* [Your instructions]:
Please take the lines from the one holding "Khaki green cargo pants" through the one holding "Whirlpool Freezer 41" in the data below and copy them exactly.

* [Records supplied]:
☆ ☆ ☆ ☆ ☆
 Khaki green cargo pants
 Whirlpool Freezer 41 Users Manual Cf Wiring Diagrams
☆ ☆ ☆ ☆ ☆
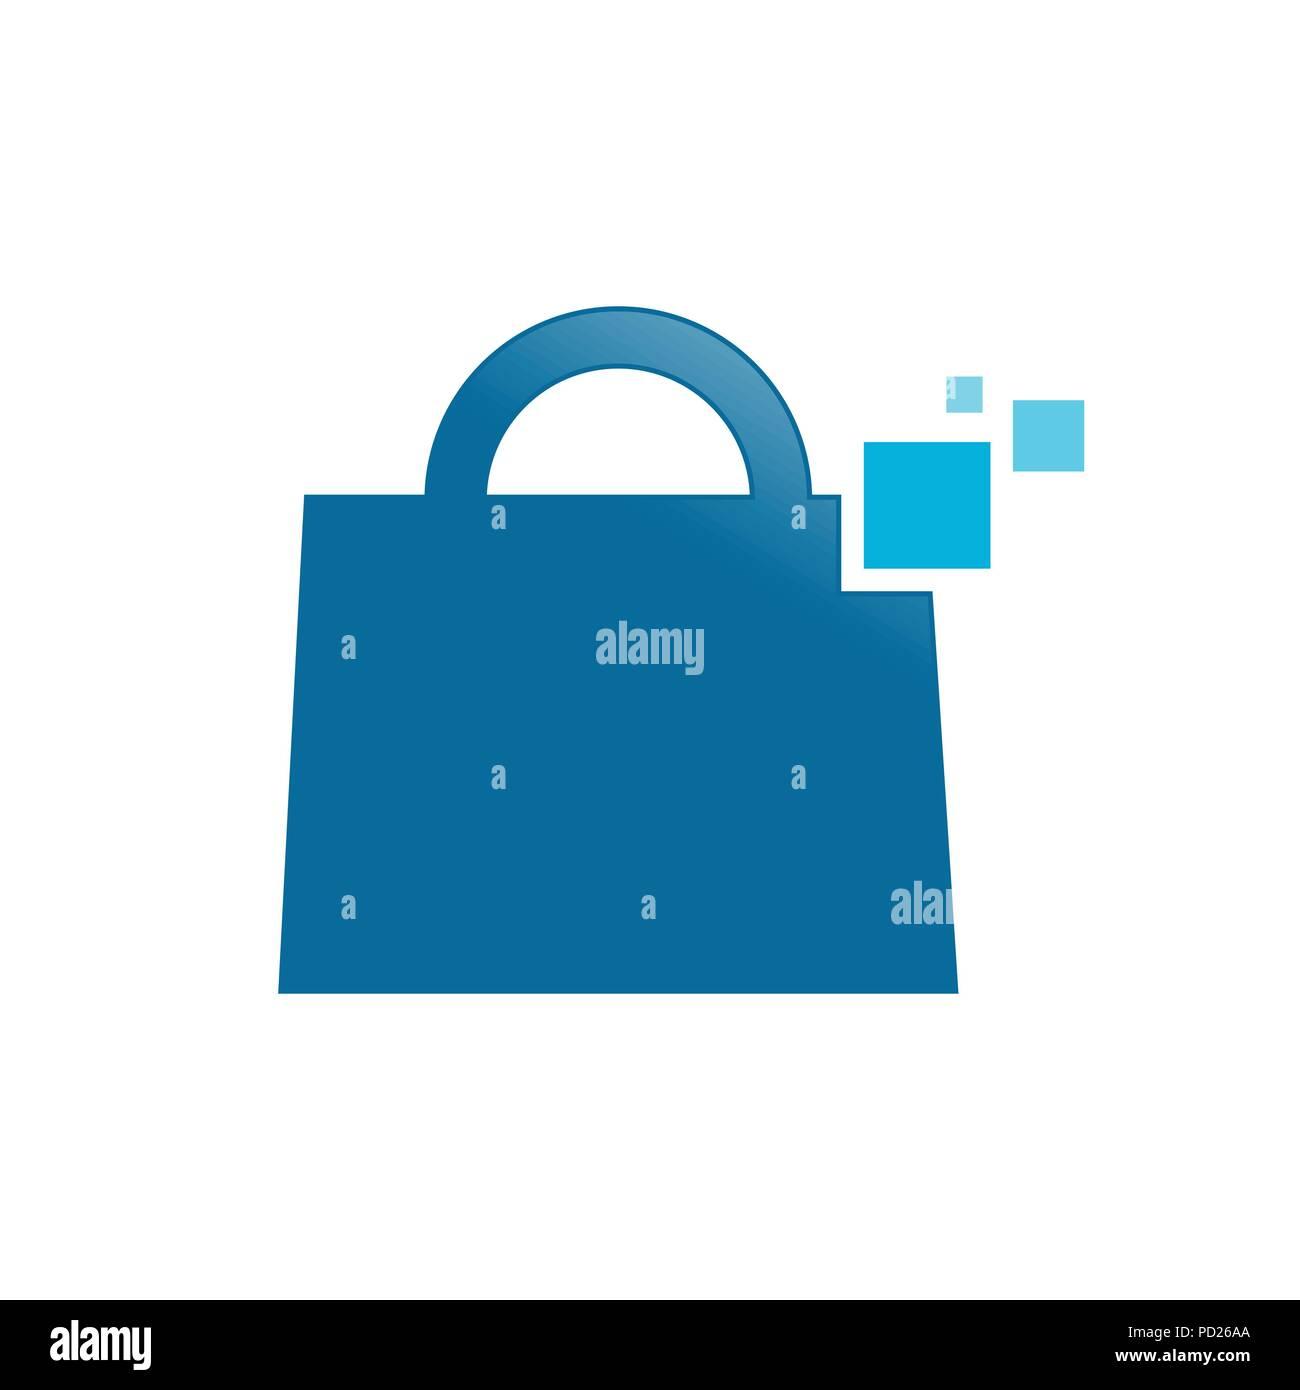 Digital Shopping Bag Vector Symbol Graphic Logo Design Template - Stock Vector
☆ ☆ ☆ ☆ ☆
* [Finished task]:
 Khaki green cargo pants
 Whirlpool Freezer 41 Users Manual Cf Wiring Diagrams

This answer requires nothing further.